Key insight: The consistency requirement depends on the business cost of being wrong. Financial data → high cost → CP. Social engagement metrics → low cost → AP.
Q2: Applied
Applied: Designing for consistency levels.
Question:
You're building an e-commerce platform using DynamoDB. For each of the following operations, would you use eventually consistent reads or strongly consistent reads? Explain why.
- Displaying product recommendations on the homepage
- Checking inventory before confirming a purchase
- Loading a user's order history page
- Verifying a discount coupon hasn't been used already
Hints
- For each operation, ask: what's the worst case if the data is 1 second stale?
- Some operations have financial consequences, others don't
Answer
1. Product recommendations → Eventually consistent
- Stale by 1 second? Doesn't matter. Showing a slightly outdated recommendation list has zero business impact.
- Benefit: Lower latency, better user experience, lower cost.
2. Inventory check before purchase → Strongly consistent
- If inventory shows "5 available" but it's actually 0 (stale data), you'd sell a product you don't have → overselling, customer complaints, refund costs.
- The cost of being wrong is high. Pay the extra latency.
3. Order history → Eventually consistent
- If a user's most recent order shows up 1 second late on the history page, they won't notice.
- Exception: Right after placing an order, use read-after-write consistency (read from primary) to avoid "where's my order?" confusion.
4. Coupon verification → Strongly consistent
- If the coupon was just used by another user, but your read is stale, you'd accept a used coupon → financial loss.
- Same reasoning as inventory: financial consequence → strong consistency.
Summary:
| Operation | Consistency | Reason |
|---|---|---|
| Recommendations | Eventual | No business impact if stale |
| Inventory check | Strong | Overselling risk |
| Order history | Eventual | Low impact, optimize for speed |
| Coupon verification | Strong | Financial loss if stale |
Key insight: Default to eventual consistency (cheaper, faster) and only use strong consistency where stale data has real business consequences.
Q3: Deep Dive
Deep Dive: Specific behavior during a network partition.
Question:
Your application uses a database replicated across 2 data centers (US-East and US-West). A network partition occurs — the two data centers can't communicate. During the partition, a user in US-East updates their email from "old@example.com" to "new@example.com", and at the same time, a user in US-West reads that user's profile. After the partition heals, how do CP and AP systems handle this differently? What about the specific case where both data centers accept conflicting writes to the same record?
Hints
- In a CP system, which data center can accept writes during the partition?
- In an AP system, both accept writes — but what if they conflict?
- How do you resolve "US-East says email is X, US-West says email is Y"?
Answer
CP System Behavior:
Only one data center (the one with the primary/leader) accepts writes. If the primary is in US-East:
- US-East: Write succeeds (email updated to "new@example.com")

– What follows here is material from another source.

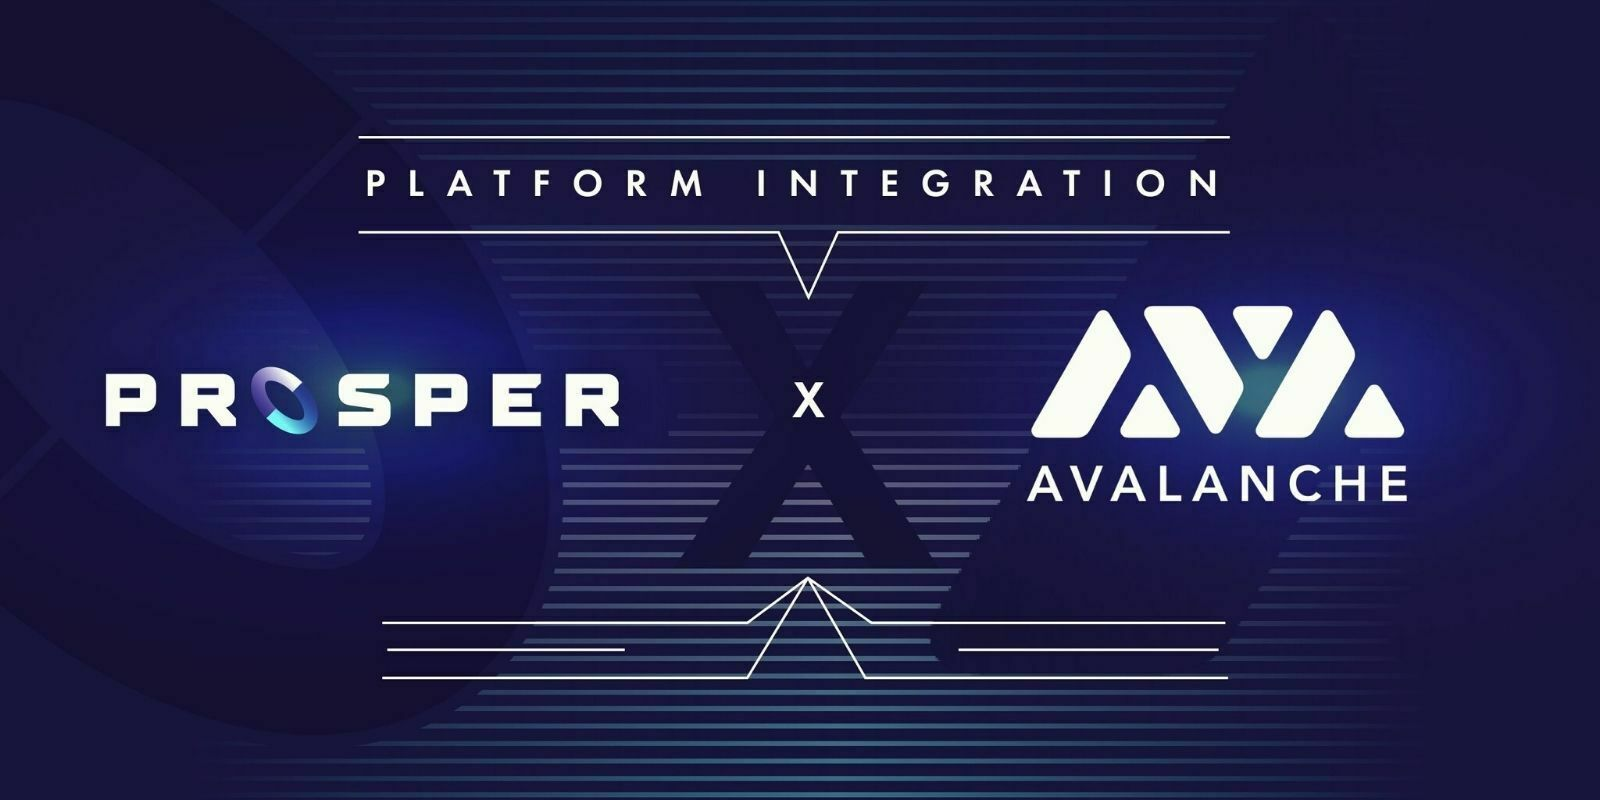 Le marché de prédictions Prosper (PROS) intègre Avalanche (AVAX) à son écosystème

- US-West: Write attempts are rejected. Reads return stale data or fail entirely.
- After partition heals: US-West catches up. No conflicts to resolve.

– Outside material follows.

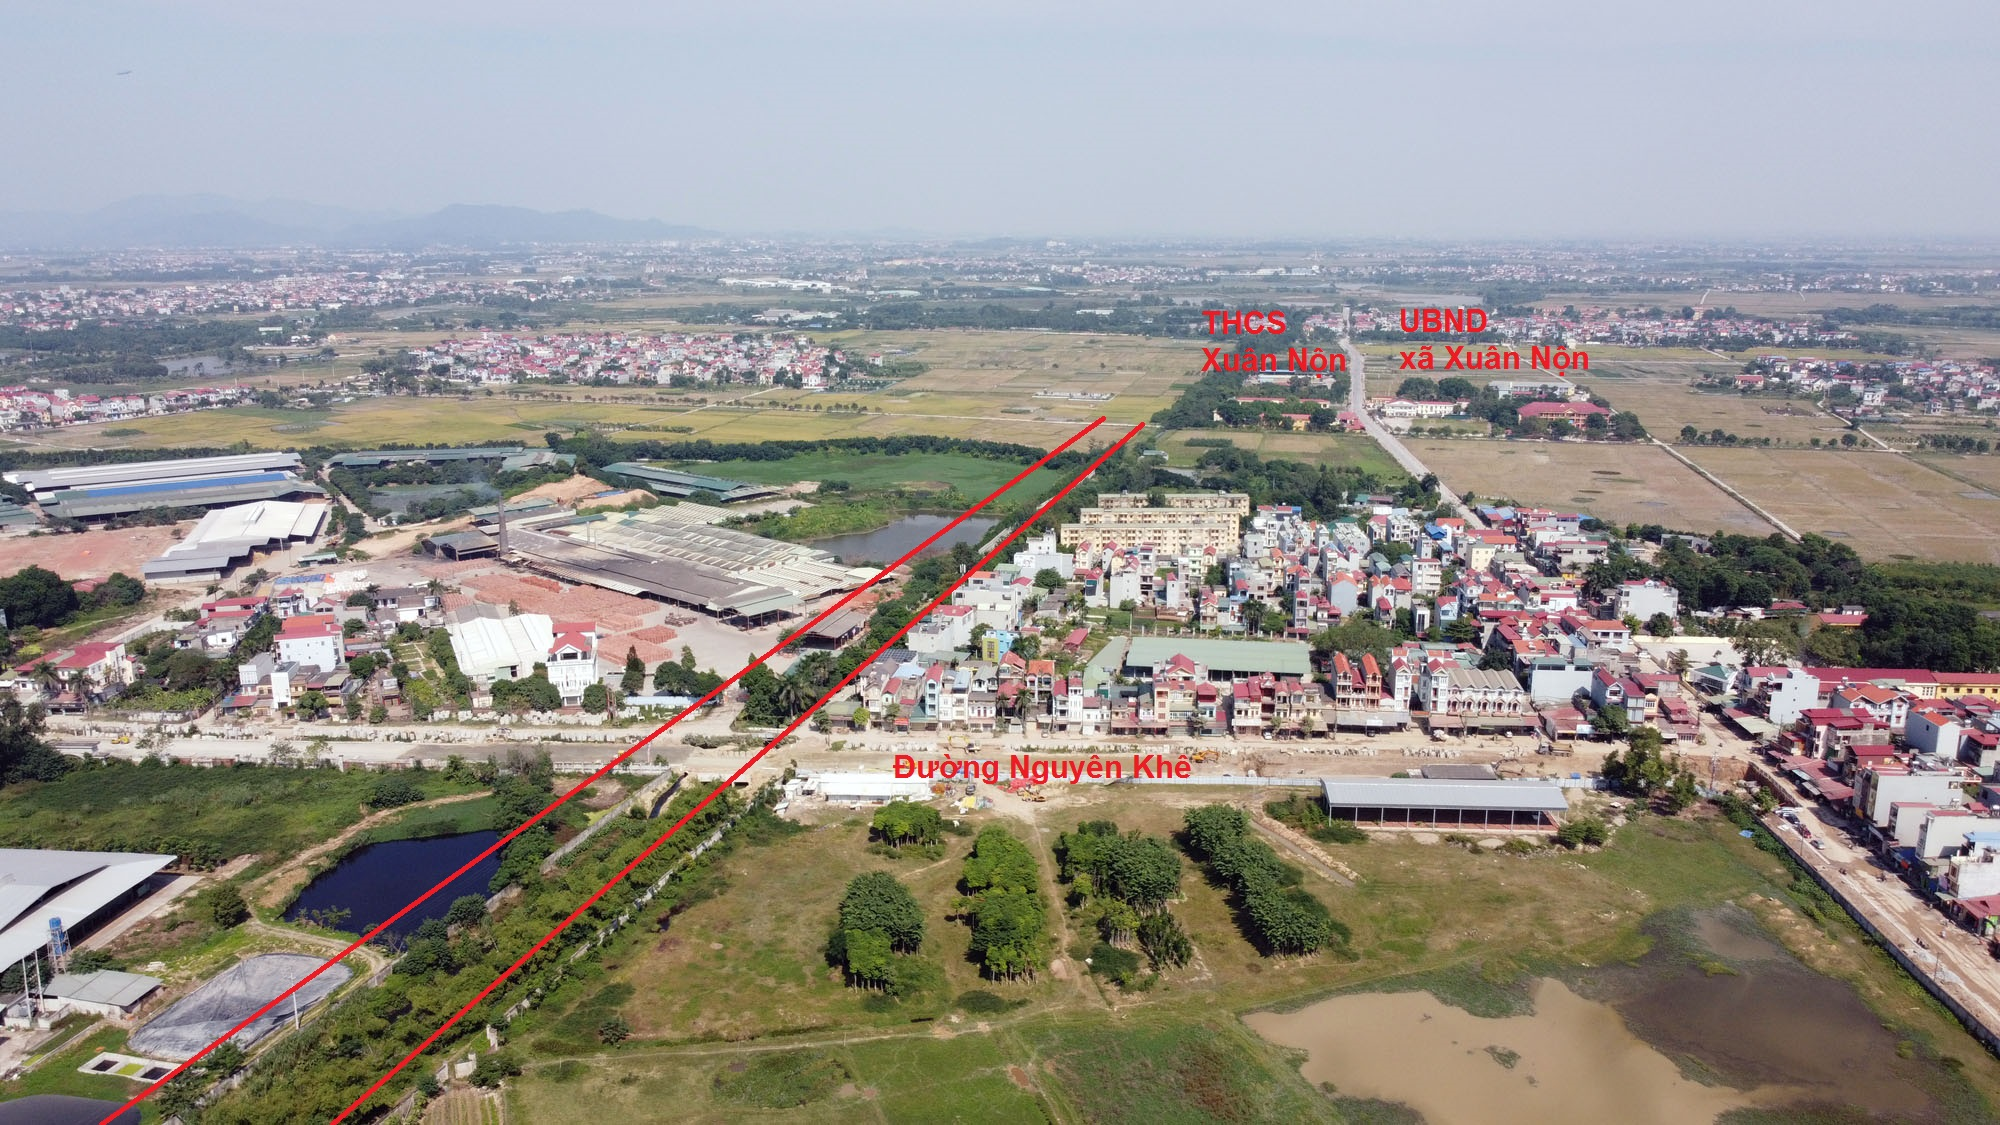 Ba đường sẽ mở theo qui hoạch ở xã Xuân Nộn, Đông Anh, Hà Nội - Ảnh 8.

Simple, but US-West users are impacted during the partition.
AP System Behavior:
Both data centers accept writes independently:
- US-East: Email updated to "new@example.com"
- US-West: A different write changes the email to "other@example.com"

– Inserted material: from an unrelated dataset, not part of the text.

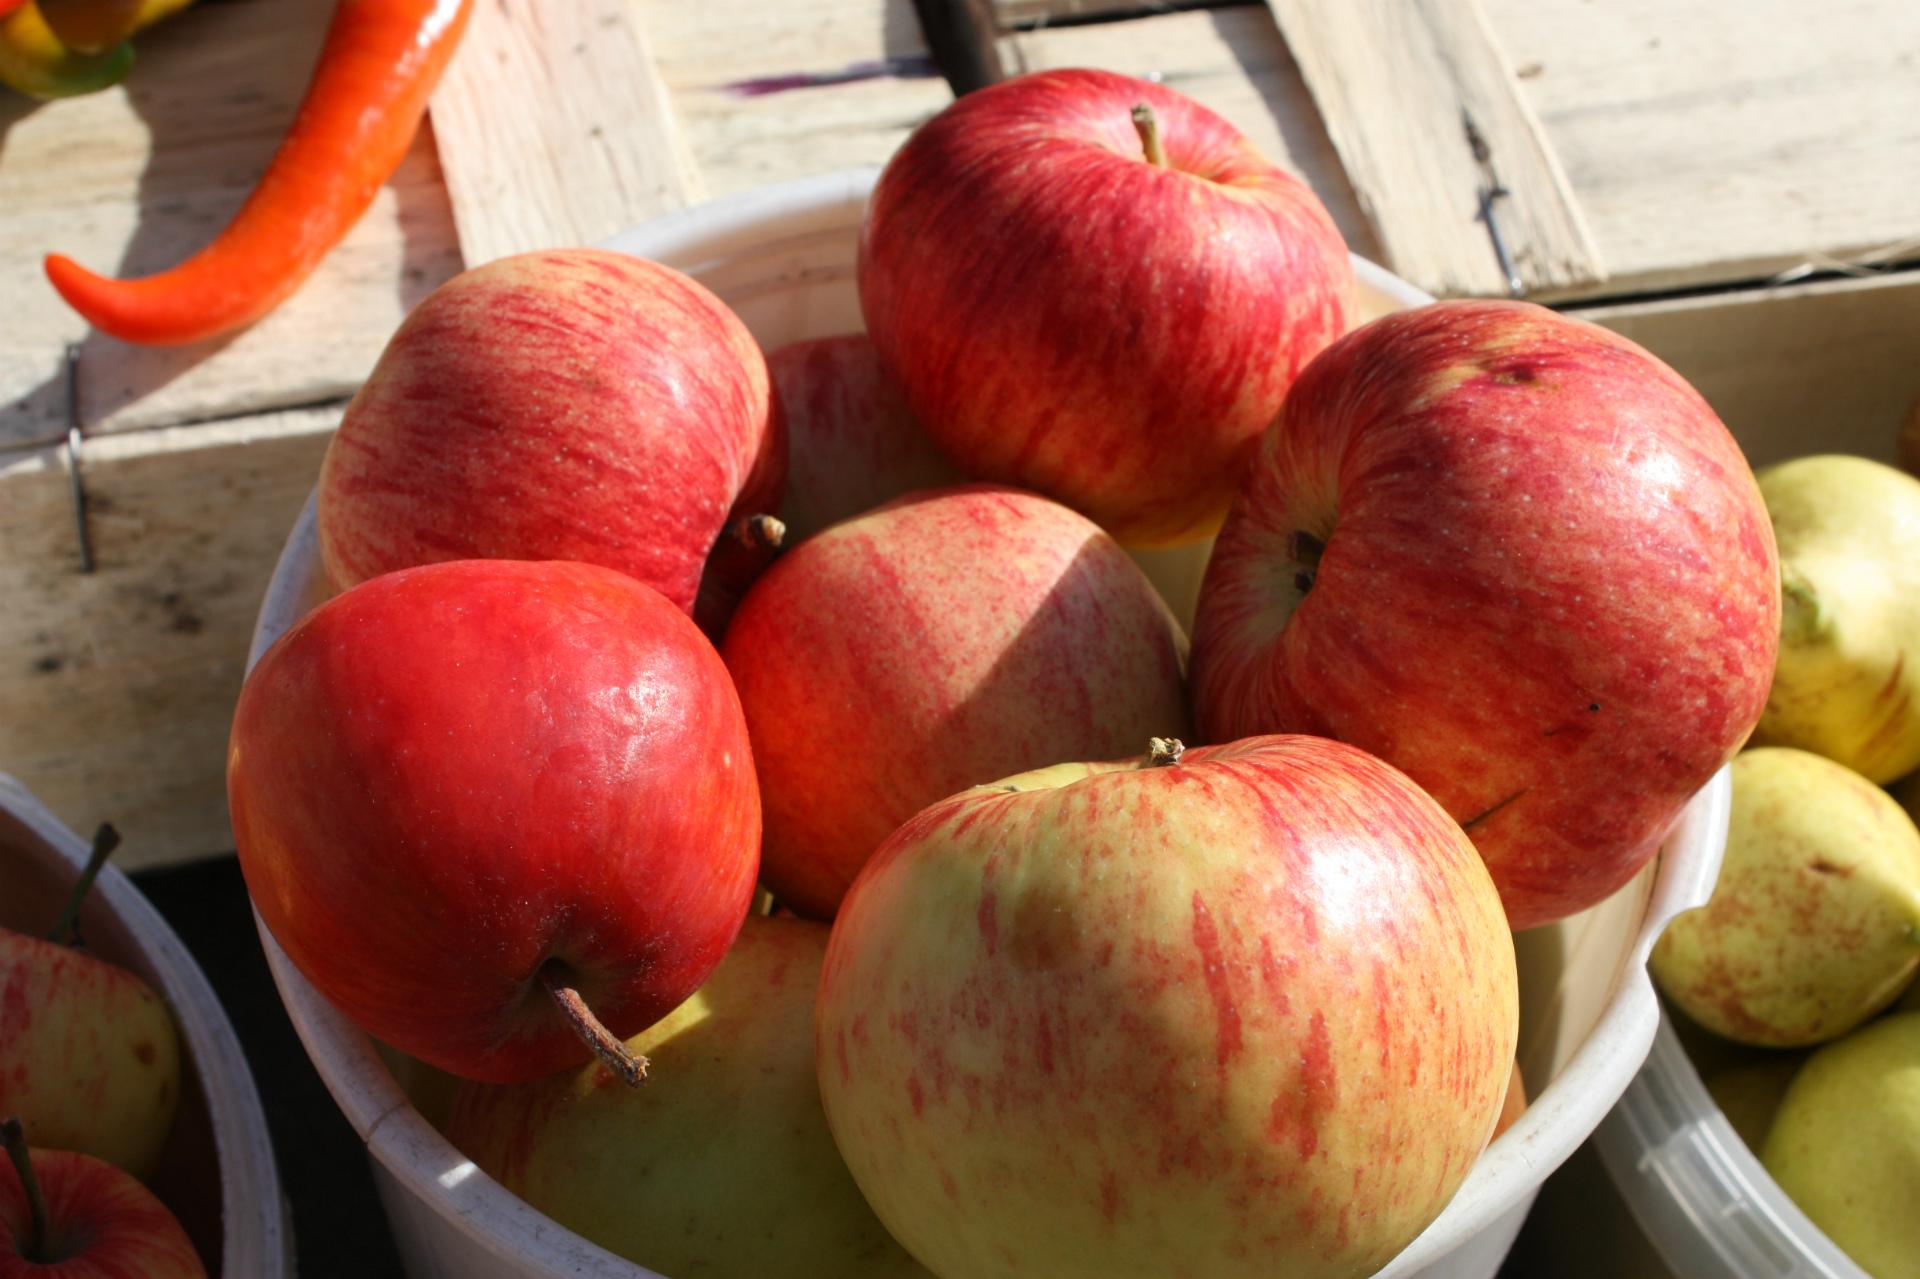 — Это сейчас, сезонное яблоко, боровинка, очень вкусные, только с дачи, — рекомендует покупателям свой урожай пенсионерка

- Both writes succeed locally. Conflict exists after partition heals.
Conflict Resolution Strategies:
1. Last-Write-Wins (LWW)
- Each write has a timestamp. The latest timestamp wins.
- Simple, but can lose data (the "losing" write is silently discarded)
- Used by: Cassandra, DynamoDB
2. Application-level resolution
- The database stores both conflicting versions
- The application decides how to merge them on the next read
- More complex, but no data loss
- Used by: CouchDB, Riak
3. CRDTs (Conflict-free Replicated Data Types)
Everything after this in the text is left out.